On a scale of 1 to 10 (in ascending order), how prepared would you say the private sector is to take advantage of the market opportunities presented by the downturn with regards increased demand for local products?
I would rate private sector preparedness at a 7. We have seen quick movements by private sector actors to shift investments to the areas that have seen increased demand. However, factors such as availability of credit and an uncertain policy environment mean that these movements have not been as quick as they would have had to be to meet the increased demand.
What does this study mean for conversations on improving access to technology and improving youth and women’s benefit in agriculture?
The shift in demand to locally-produced products has opened up opportunities for value addition in many areas. Some of these value additions are already performed by women and this has had a positive effect on the incomes of women in agriculture. It has also underscored the need for increasing the access that smallholder farmers have to technology that can increase their productivity.
Organizations like PIND and MADE have been working in the agricultural space, especially in the Niger Delta. Do the recent economic issues mean a change of approach is needed to economic development programming meant to improve efficiency in agricultural value chains?
The recent economic issues mean that economic development programming that is meant to increase productivity in agriculture is becoming increasingly important. The increase in price of imported goods has made locally-produced goods more competitive. However, for this increase in competitiveness to become permanent, farmers will need to invest in increasing their productivity. Economic development programming by PIND and MADE should focus on helping farmers increase their productivity and on using the recent increase in incomes that they have experienced to invest in higher productivity measures.
When considering the Federal Government’s work of the past two years in agriculture, do you think that their approach to agriculture needs to change considering the prevailing economic climate and especially for the benefit of the Niger Delta?

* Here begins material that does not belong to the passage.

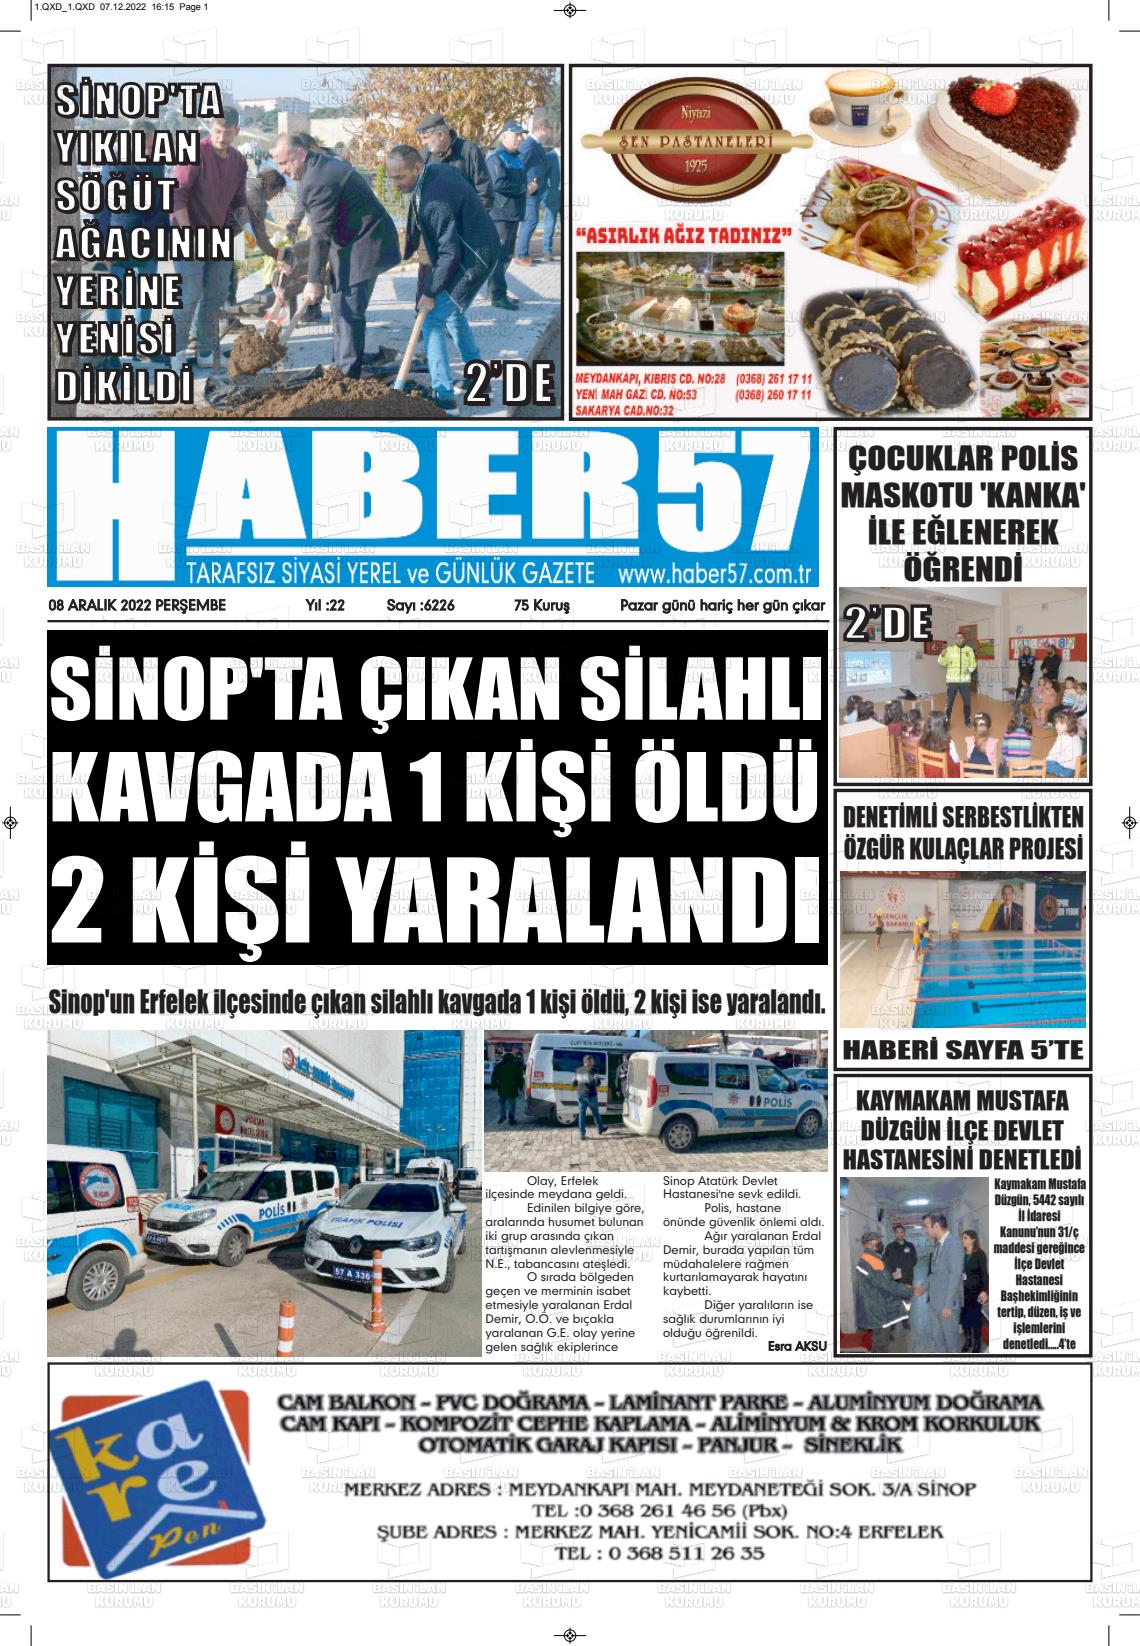 08 Aralık 2022 Haber 57 Gazete Manşeti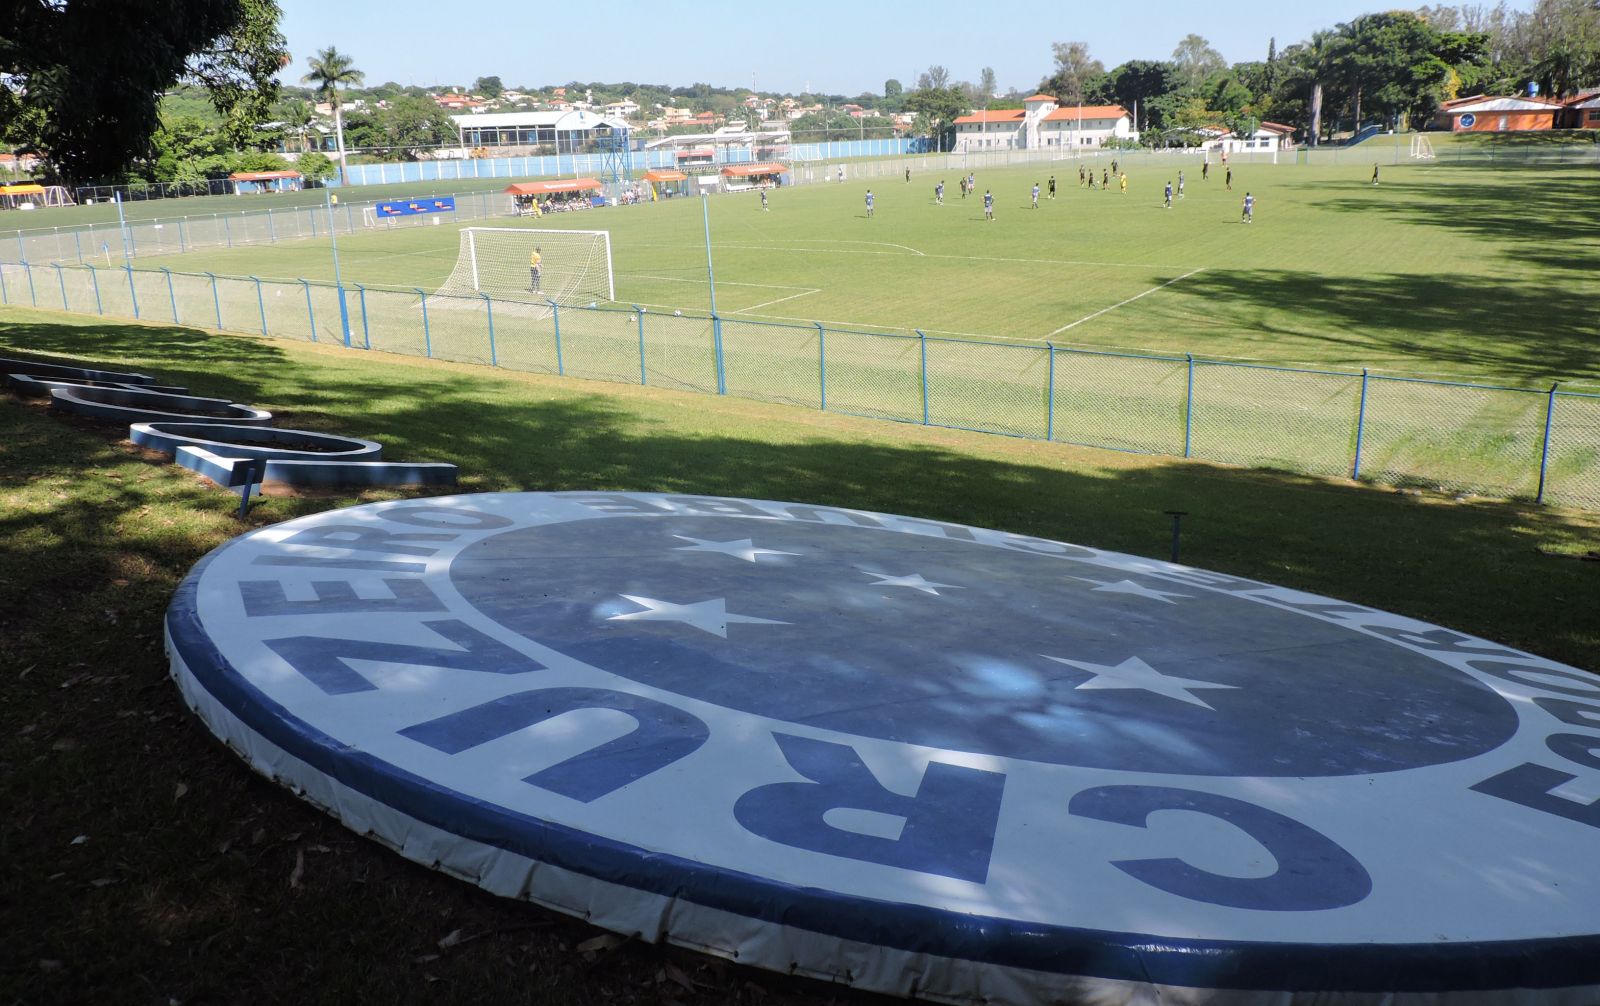 Cruzeiro faz primeiro jogo oficial na Toca 2; avaliação é positiva, e clube  prevê mudanças na estrutura, cruzeiro

The Federal Government has a number of programs, such as the Anchor Borrower’s Program and its Fertilizer Initiative, which it has established to improve the state of agriculture in the country. These have had some success in bolstering the agricultural sector, as shown by the growth rate of agriculture compared to the rest of the economy. However, the FG has failed to align its trade policy with its exchange rate policy. Although it has spoken of encouraging import substitution, the FG has worked to reverse some of the effects of the devaluation thereby reducing the incentives for import substitution.